Here is what I mean. As president of Christians for Biblical Equality, I am often invited to speak at Christian colleges or universities on the contributions of Christian women throughout history. When invited to lecture, I make an effort to learn about the history of the school, particularly their founders and graduates. I usually do not have to work very hard to recover their history. Typically the school’s archives are bursting with letters and journals produced by their female graduates who were prolific writers and correspondents. In doing so, I have discovered an impressive body of material that points to the vast numbers of women graduates who were trained by these Bible Institutes today’s Christian colleges and universities. The school’s archivists are typically thrilled to have someone take an interest in the many letters, diaries and other historical documents they have carefully organized for such purposes. In my brief exploration of this material, it is clear that the female graduates from American Bible Institutes went on to become leaders on the mission fields all over the world.
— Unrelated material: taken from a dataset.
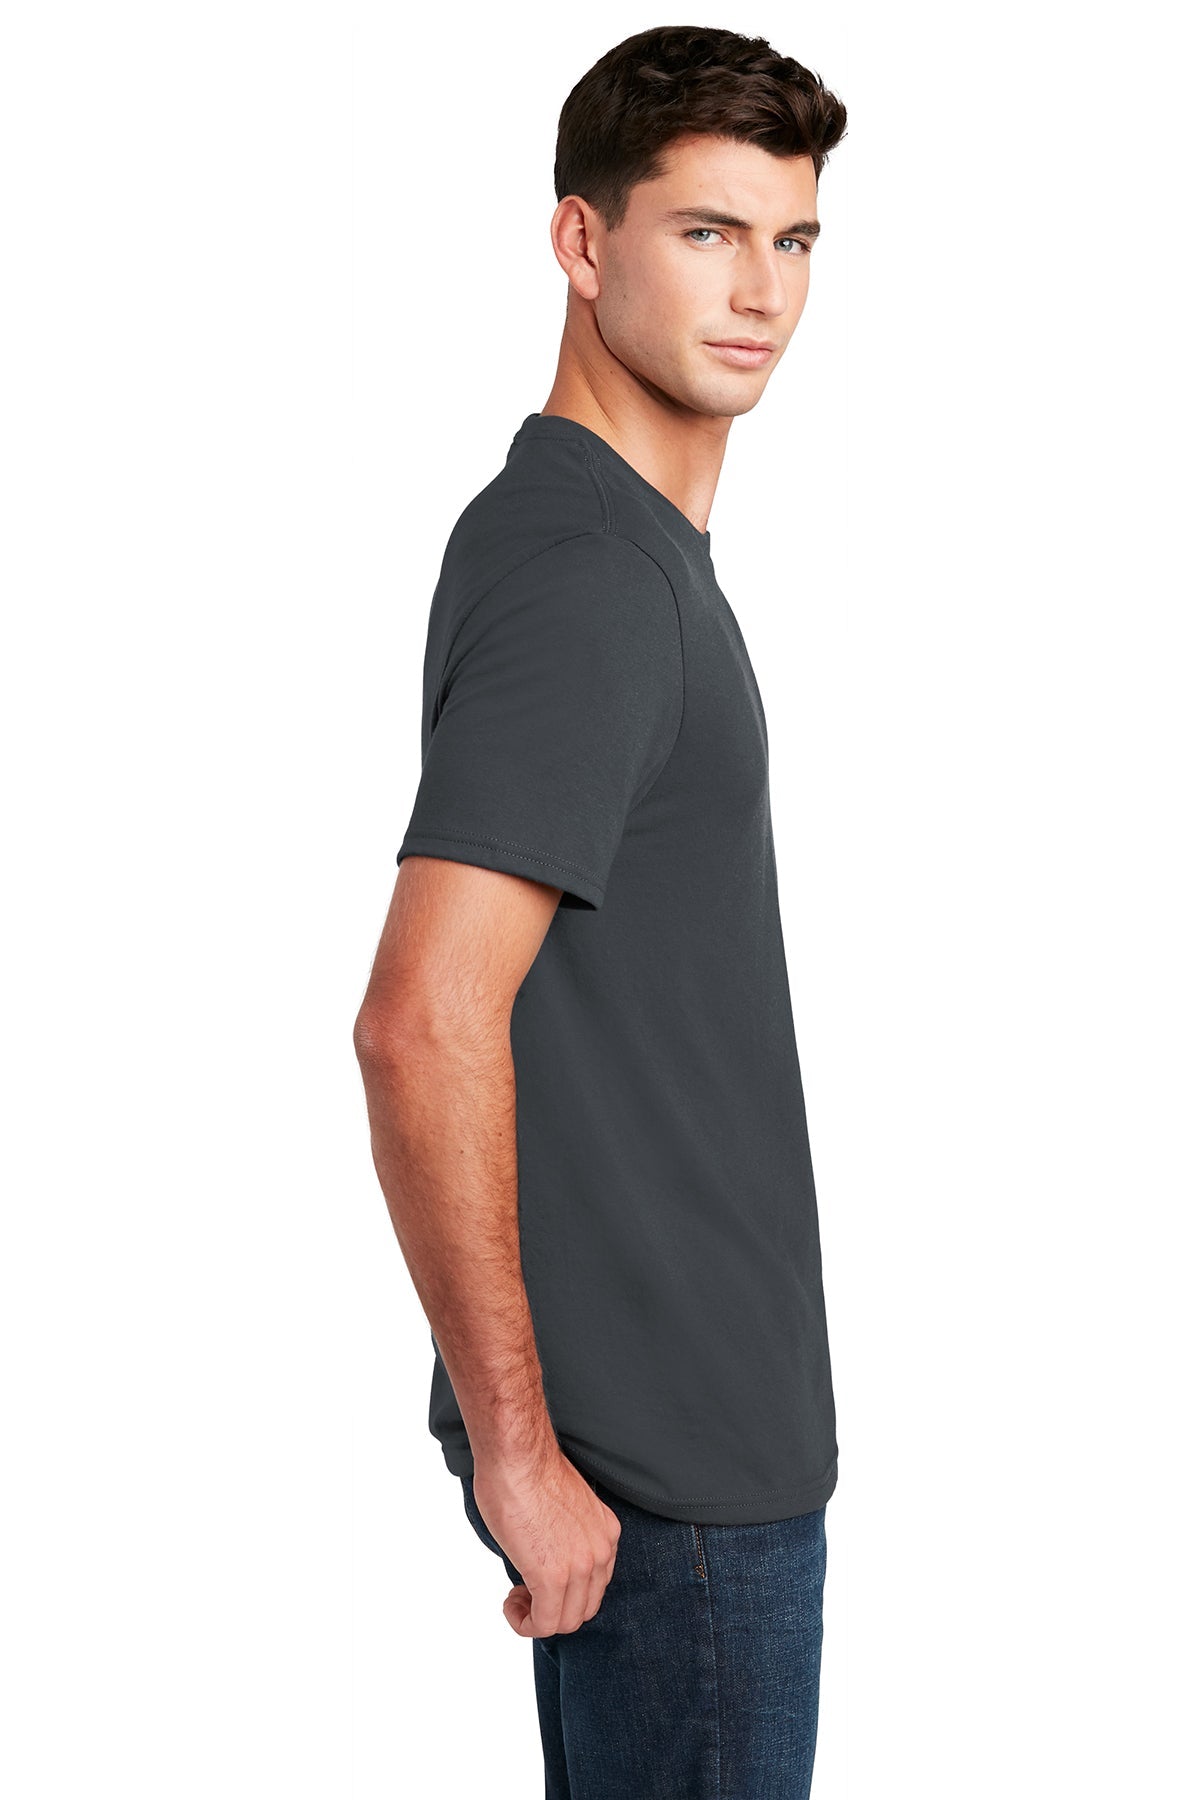 District Made Mens Perfect Blend Tee's, Charcoal

And, they had the full support of their Bible Institutes! These audacious women were not interested in becoming Miss Captivating in order to attract Mr. Wild at Heart because they had their own wild hearts, hearts that were captivated by Jesus and the gospel. What is even more interesting is that their Bible Institutes were proud of the wild-hearted way in which their male and female graduates served Christ.

Why did these institutes so eagerly celebrate the gospel service of their graduates...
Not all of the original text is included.